Any searches you do will obviously ignore the non searchable duplicate but will run across the OCR'd version, so any hits you get will be relevant. If you want to include the original version in any final reports then you can do this by including the duplicates with the method above.

Link to comment
Share on other sites

  • 3 weeks later...

Hi heffner, AdamS,

 

I tried to understand some comments that you made but I'm struggling to understand what it is you want to achieve. Let me draw a simple test scenario here and please tell me when my reasoning is not matching your expectations.

 

Let's say that my case is composed of a single data source which is a folder with a set of loose PDFs, like:

D:\evidence\sample1.pdf -> Item with ID 2

D:\evidence\sample2.pdf -> Item with ID 4

 

Both contain scanned invoices, so I want to OCR them so they become searchable. I index my case and I end up with few items in my case (5 if I'm counting right). So I export my two PDFs (item #2 & item 4) to another folder and use external OCR to get their corresponding textual content in separate TXT files.

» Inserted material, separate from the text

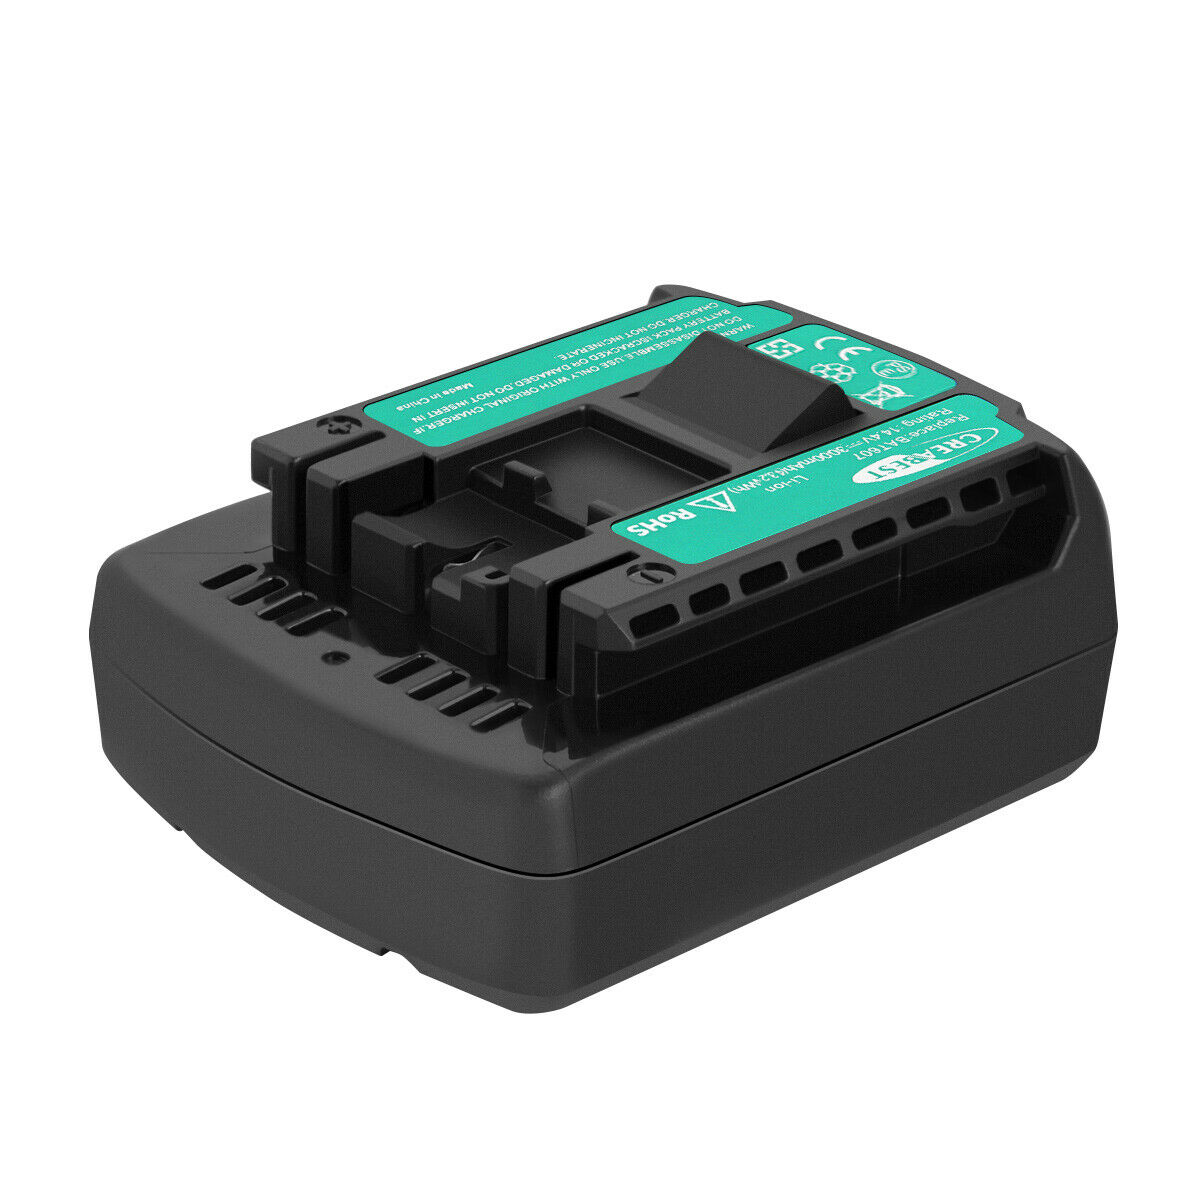 Bateria para Bosch DDB180-02,GDR 1080-LI,GDR 14.4 V-LI,GDR 14.4 V-LI MF
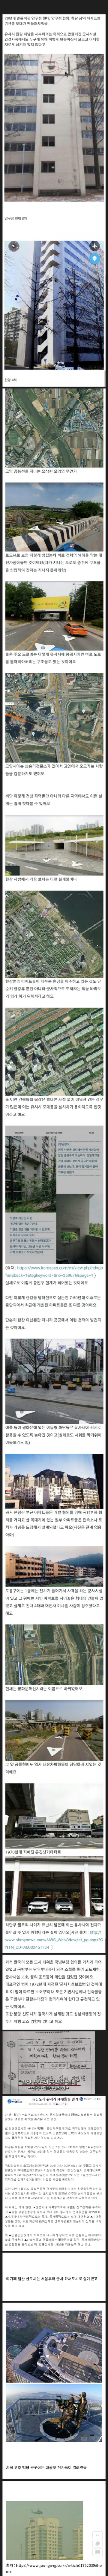 한국에 숨겨진 전쟁대비 비밀시설들..jpg

Then I make use of "Import OCRed text" feature (NOT indexing the TXT files!) and end up with the same number of items in my case, but #2 and #4 have been appended with additional text content visible and searchable.

 

Few things to notice here:

  1. Original evidence files (PDFs) have not been modified
  2. OCRed text is appended to the existing text of those items. My PDFs did not have any text in them before (scanned invoices) so everything that got OCRed will become a new content of these items (otherwise previous & extracted text would be merged together).
  3. No additional items are added in my case, so we still end up with 5 items in it.

 

@heffner, let me address the two disadvantages you brought up

 

> Opening an "original" PDF will not include the text data from the OCR process

I'm not sure what do you mean by "Opening" here. Opening in Intella? If so then you will surely see OCRed text in Previewer. It's also searchable, so it seems to me that you ought to have anything that you need.

Indeed the original PDFs in D:\evidence folder have not been modified, but I doubt that any software used in legal cases would do that. 

 

> Reindexing the Case means loosing all imported OCR texts

Yes, that is correct. It's how we designed this process for a mix of technical and non-technical reasons. Is that something that becomes a serious challenge for you? Please note that Tags are surviving reindexing of cases, so if you ever find yourself in a situation that you need to reindex a case containing OCRed items, you can make use of them to achieve consistent results.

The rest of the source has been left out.